Today, common applications for DWI include:
- Diffusion-perfusion-mismatch for stroke imaging.
- Early detection / screening: Changed ADC due to cellularity or metabolism changes in metastases and micro fractures, for instance.
- Differential diagnosis: Differentiation of various pathologies by means of DWI and ADC, e.g. differentiation of benign and malign tumors.
- Monitoring of therapies: Nekrotic vs. vital tissue etc.
- Clinical basic research: Metabolism, structure, aging of cells etc.

What is it ?

Blood flow through the vasculature supplies the tissue with nutrients and oxygen in the human body. Thus,blood supply itself is an important measure for the vitality of tissue and it represents a key parameter. The knowledge of the dynamic properties of blood supply are of great diagnostic value.

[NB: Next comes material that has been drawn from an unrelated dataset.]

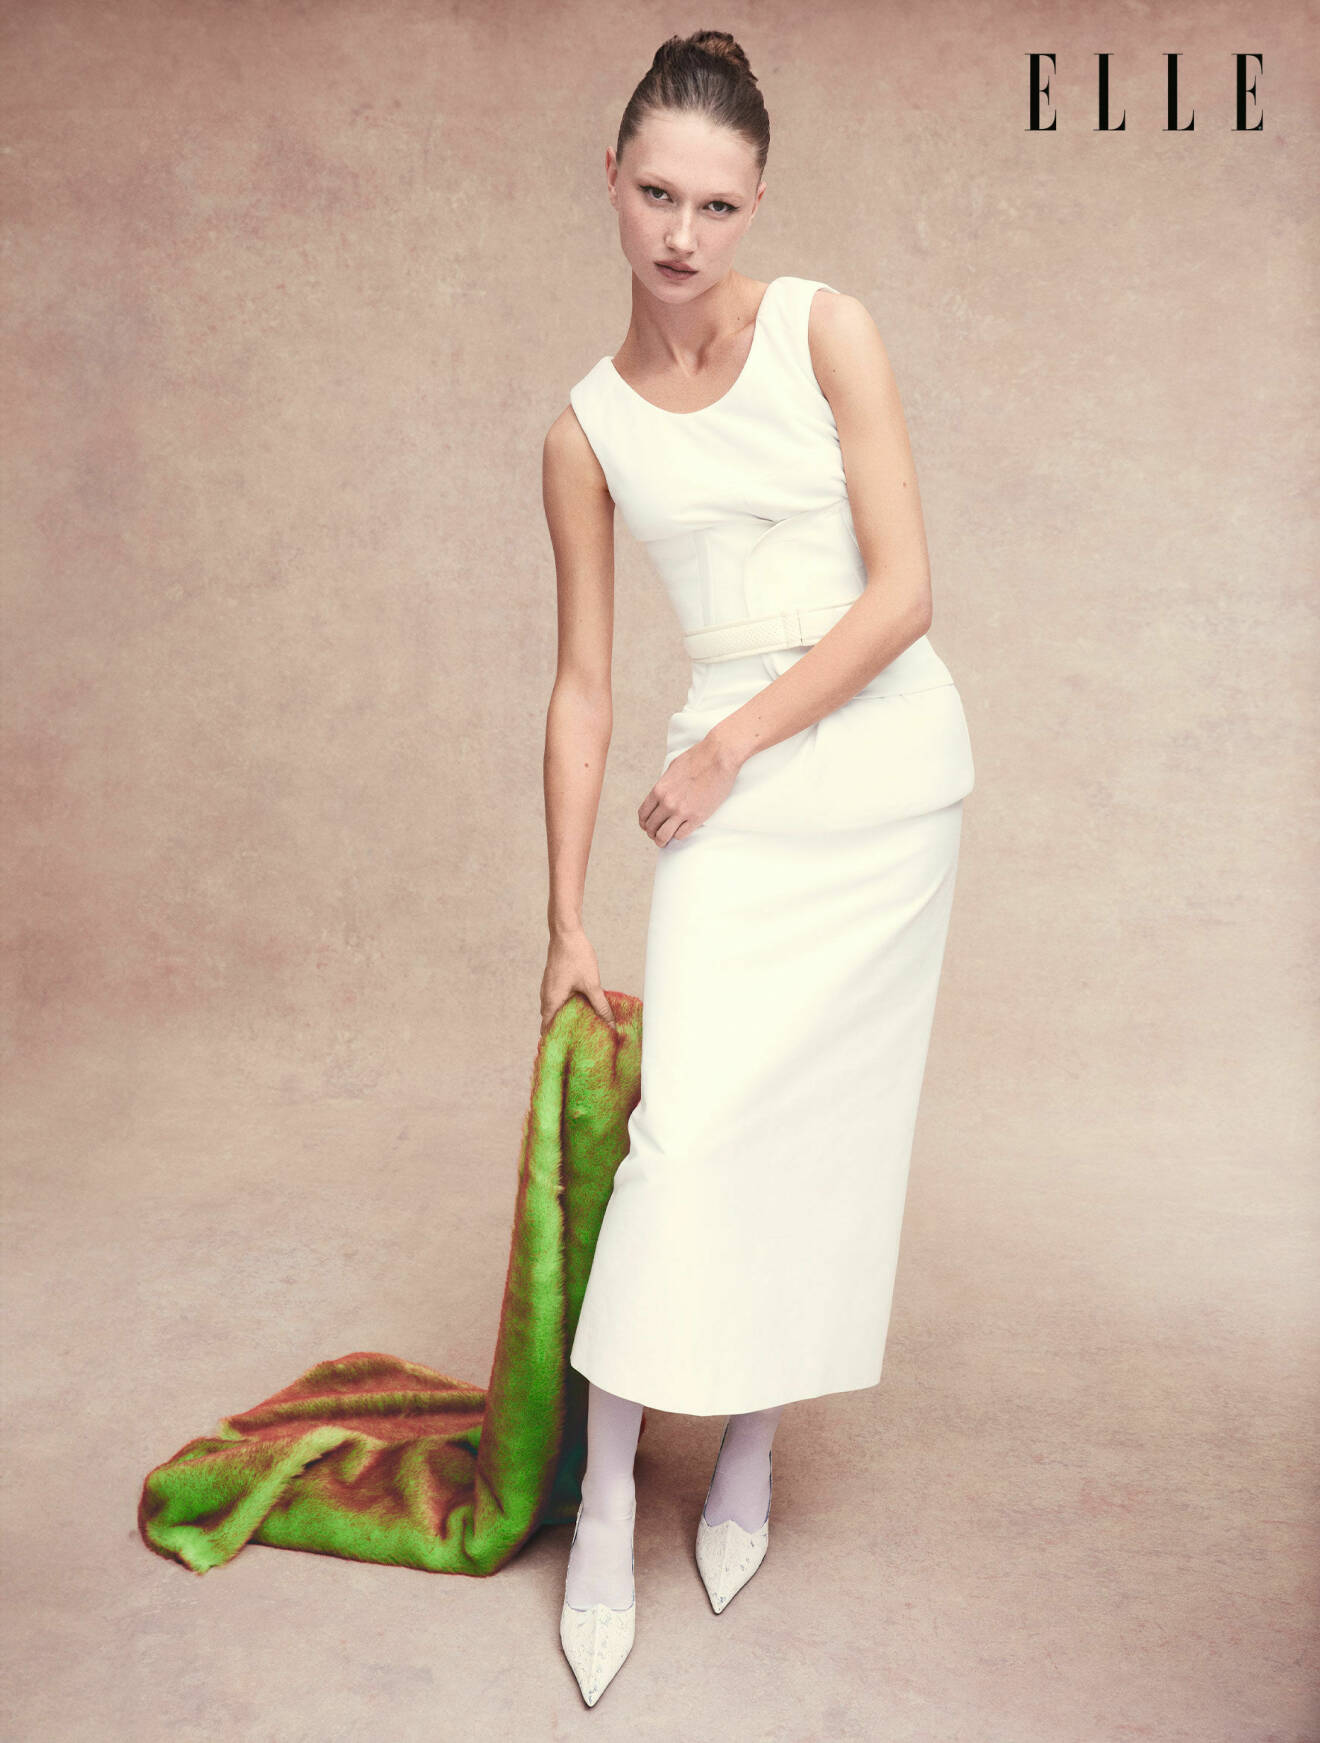 Modellen Evelina är klädd i vit topp, korsett, kjol och bälte från Sportmax.

One important parameter is the regional blood volume (RBV), which describes the subvolume occupied by blood within a volume of interest or in 100g of tissue. This, basically, is equivalent to defining it as the percental volume fraction of blood in the tissue:

[4] RBV = V_blood / V_voxel .

In the brain, the RBV is usually denoted as the cerebral blood volume (CBV). Unfortunately, the arbitrary units of the MRI signal do not allow a direct measurement of the RBV or CBV. Blood supply of tissue is quantified via the parameters blood flow rate BF and perfusion P. In literature, these terms are often loosely defined as 'blood flow' or equivalent. It is (c.f. Fig.5):

[5] P = BF / M .

M is the tissue mass in 100g. Thus, compared to the blood flow rate BF the perfusion P is a mass-specific parameter. The latter makes sense, because absolute blood flow rates have a quite limited value without knowing the mass of reference. For example, organs have quite different sizes. BF is measured in milliliters of blood per minute (mL/min), therefore, P has the nominal unit milliliters of blood per minute per 100g (mL/min/100g).

To have some values for the human brain at hand: In healthy tissue the average brain perfusion equals to (50-60) mL/min/100g. However, it has to be considered that the brain perfusion is quite different from region to region. For example, the mean perfusion in gray matter is approximately (80-130) mL/min/100g, and 20 mL/min/100g in white matter.

Another important parameter that depicts the dynamic properties of tissue blood supply is the mean transit time (MTT). MTT is the average time required for a given tracer to pass through the tissue. As a rule of thumb, for agents that remain in the blood the MTT is typically a few seconds.

There is a direct relation between the parameters RBV, BF, and MTT for perfusion measurements using a contrast agent in MRI:

[6] MTT = RBV / BF .

The MTT parameter is important since it demonstrates a very sensitive contrast between ischemic and healthy tissue, for instance.

How to Image it ...

In order to probe the properties of the blood circuit, tracers are injected into the blood and their passage is observed at a point of interest. For MRI, contrast agents that induce a strong local relaxation rate change and significant susceptibility effects are employed. Since dynamic acquisitions are performed, such methods are also denoted as dynamic susceptibility (DSC) perfusion measurements.

In order to achieve sufficient volume coverage combined with a temporal sampling rate that allows the determination of dynamic perfusion parameters, fast GE-EPI sequences with a repetition time TR of 1.5-2.0s are often used. After contrast agent administration, the signal time-course is investigated (bolus measurement). The strong susceptibility effects of the passing bolus of the contrast agent cause a significant drop in the T₂* weighted signal of the GE-EPI sequence.